However, the elasticsearch process in these nodes crashes with an OutOfMemory exception. Looking at the stacktrace, it seems that all threads are waiting for a lock to be released. This is the full stacktrace of the process: https://pastebin.com/6q8GtSeg
I can understand if an overloaded node (e.g. high number of shards per GB heap or something similar) performs poorly, but a crash has severe performance effects on the whole cluster, and this should definitely be protected against.
Is there anything we can do to prevent this crash?
Is there any memory configuration we're missing?
Steps to reproduce:
Please include a minimal but complete recreation of the problem, including
(e.g.) index creation, mappings, settings, query etc.
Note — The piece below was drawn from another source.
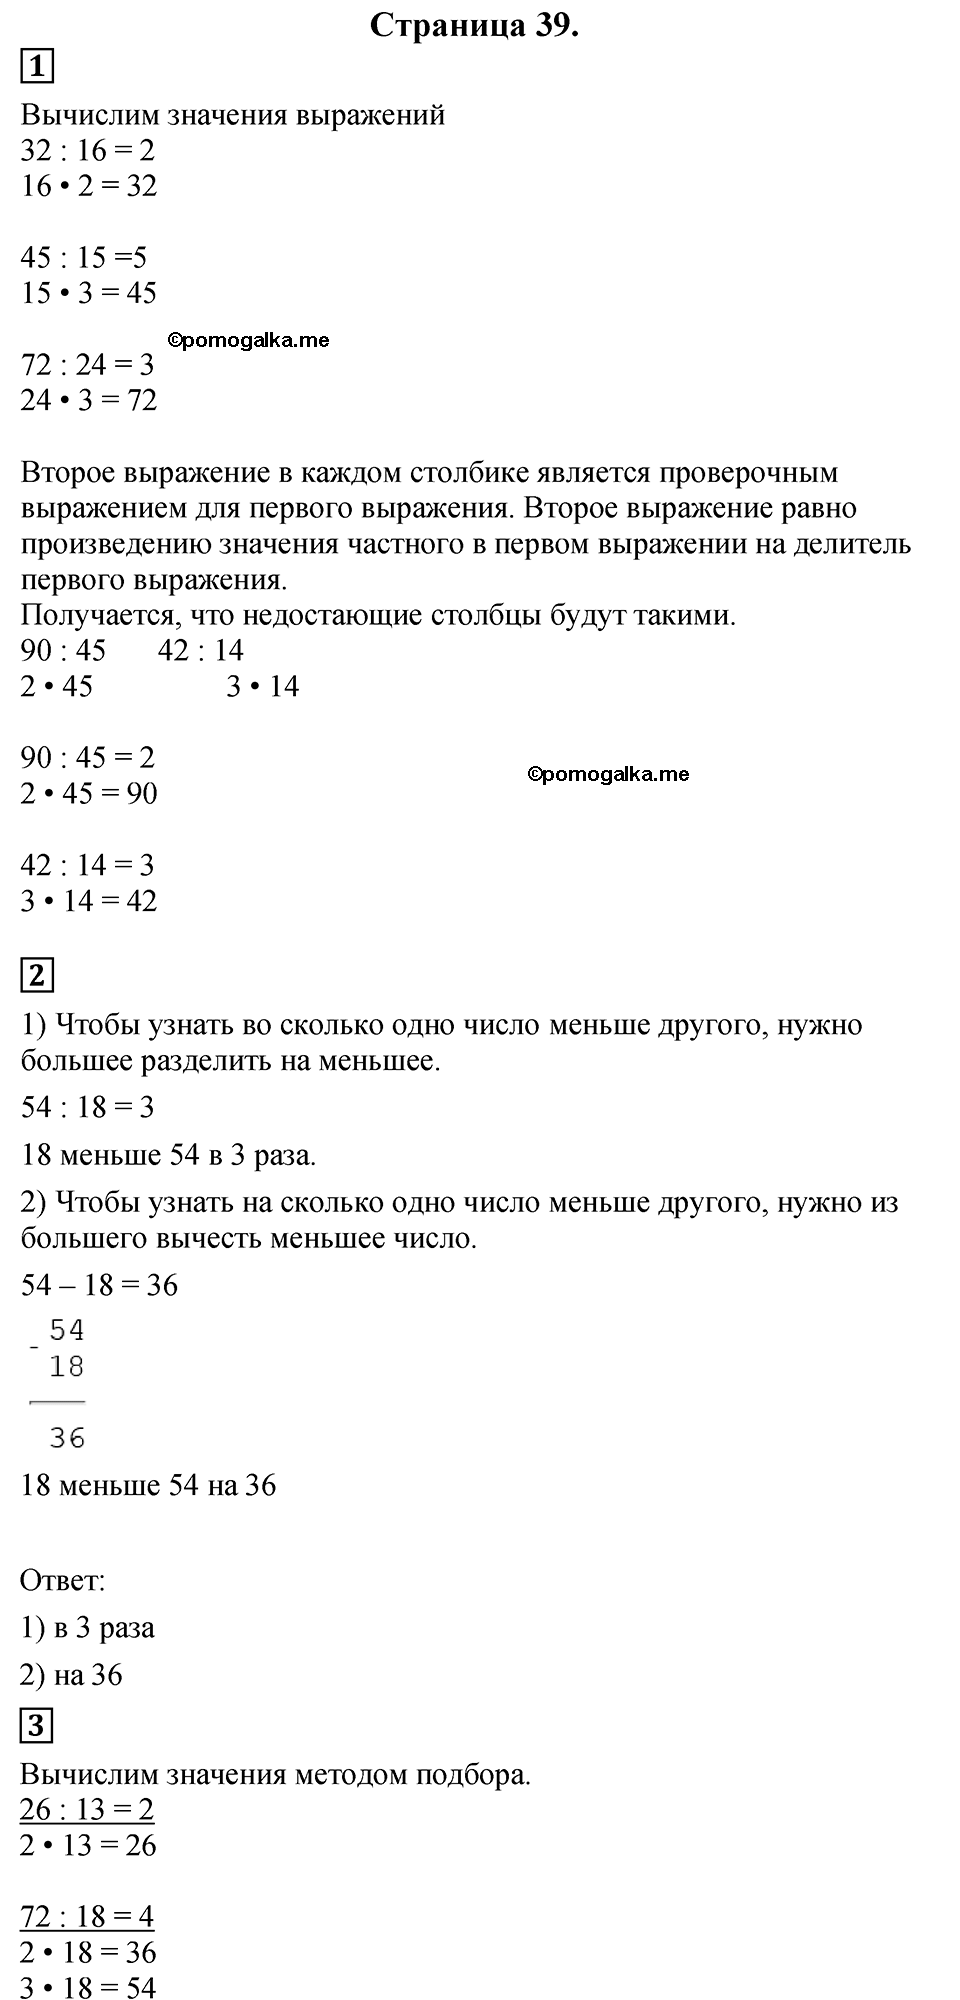 Страница №39 Часть 2 математика 3 класс Дорофеев

The easier you make for
us to reproduce it, the more likely that somebody will take the time to look at it.
None yet. This is a production-scale issue, so it is not easy to reproduce.
I'd be happy to provide additional details, whatever is needed.
Thanks!
@elastic/es-distributed
This looks like another Netty's recycler issue, but it should be disabled in 5.2.2 thanks to #22452.
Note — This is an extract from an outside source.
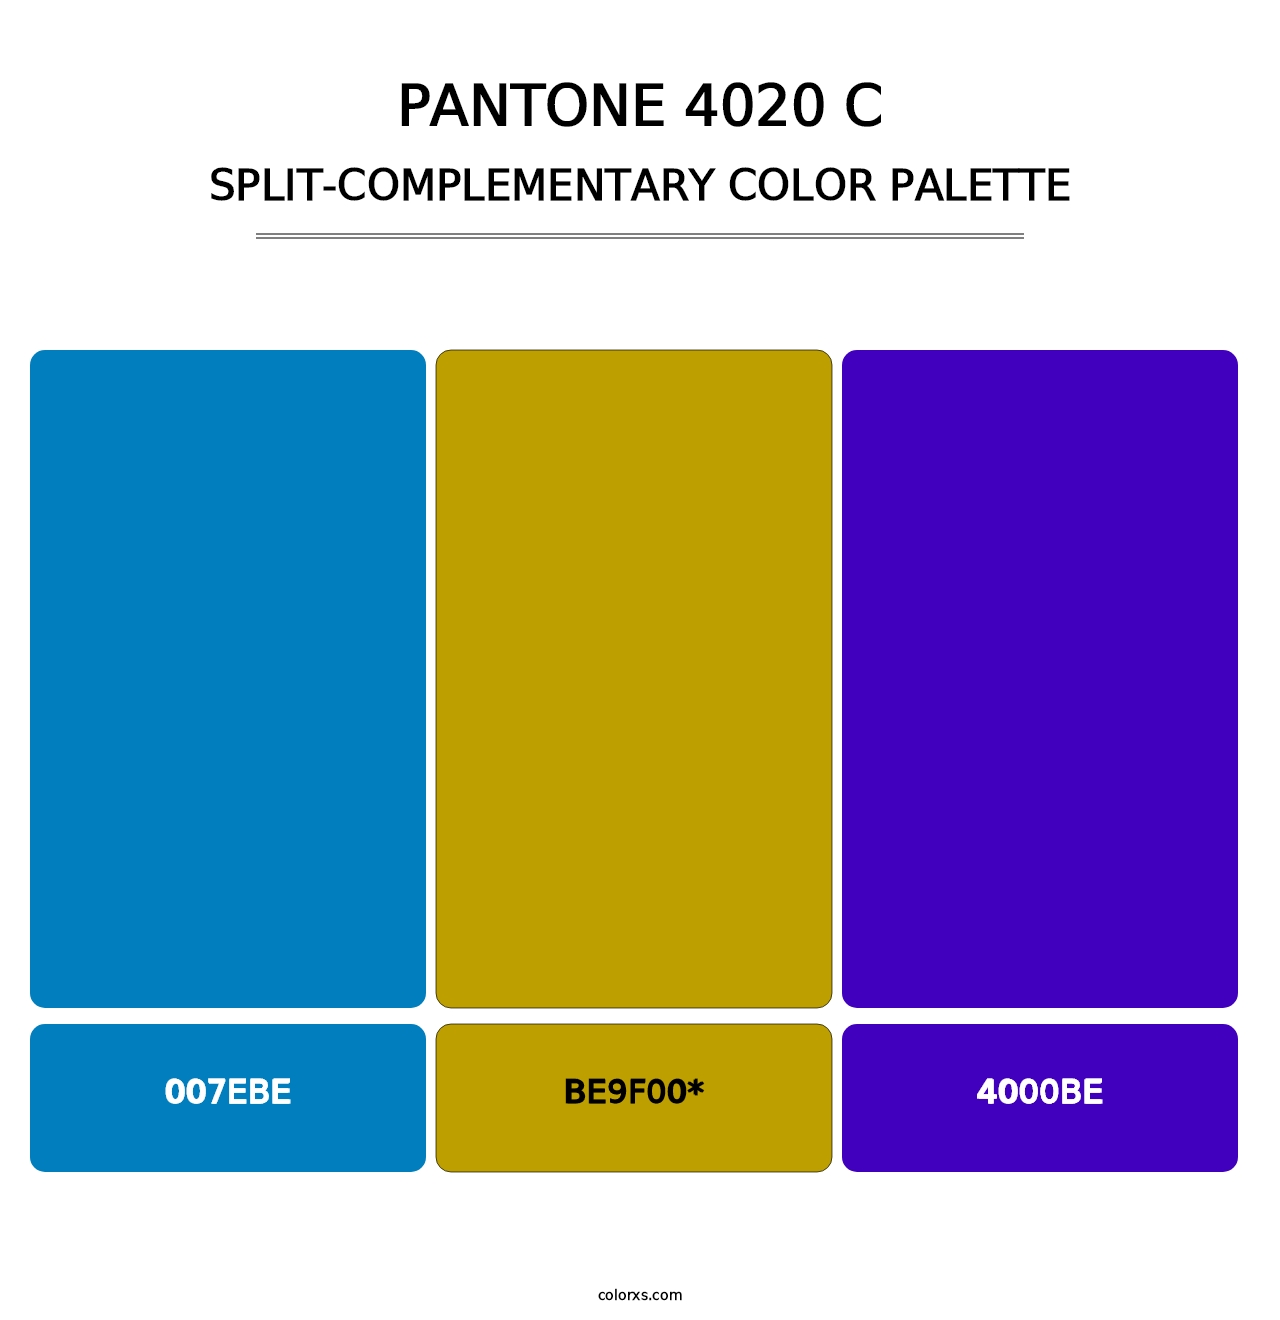 PANTONE 4020 C - Split-Complementary Color Palette

@redlus Can you please provide the JVM options for the node esdatacold2-prod? They are printed out in the logs at startup time (something like [INFO ][o.e.n.Node] [node-0] JVM arguments [...] ) or you can list them using curl -XGET 'http://localhost:9200/_nodes/node-0/jvm?pretty'
Also, a heap dump would help to identify the objects that fill the memory.
elasticsearch[esdatacold2-prod][[transport_server_worker.default]][T#14] [DAEMON] RUNNABLE tid: 60
java.lang.OutOfMemoryError.<init>() OutOfMemoryError.java:48
io.netty.buffer.PoolArena$HeapArena.newUnpooledChunk(int) PoolArena.java:661
@tlrx The JVM arguments are not logged at startup nor available in the API in 5.2.2, that is only since 5.4.1 (#24450, #24451). Here, to have the JVM arguments, the user needs to shell into an instance running Elasticsearch and execute jps -l -m -v and share the output.
Thanks @jasontedor. I thought it was older but I admit I didn't double checked.
We will upload the full memory dump (17 GB, 6GB compressed), until then here is an export form yourKit of the objects by class. Hope it will help.
Objects-by-class.csv.zip
@tlrx here are the JVM options, along with GC/memory pools if relevant:
{
"jvm": {
"pid": 77144,
"version": "1.8.0_151",
"vm_name": "OpenJDK 64-Bit Server VM",
"vm_version": "25.151-b12",
"vm_vendor": "Oracle Corporation",
"start_time_in_millis": 1519136454276,
"mem": {
"heap_init_in_bytes": 16106127360,
"heap_max_in_bytes": 16036397056,
"non_heap_init_in_bytes": 2555904,
"non_heap_max_in_bytes": 0,
"direct_max_in_bytes": 16036397056
},
"gc_collectors": [
"ParNew",
"ConcurrentMarkSweep"
],
"memory_pools": [
"Code Cache",
"Metaspace",
"Compressed Class Space",
"Par Eden Space",
"Par Survivor Space",
"CMS Old Gen"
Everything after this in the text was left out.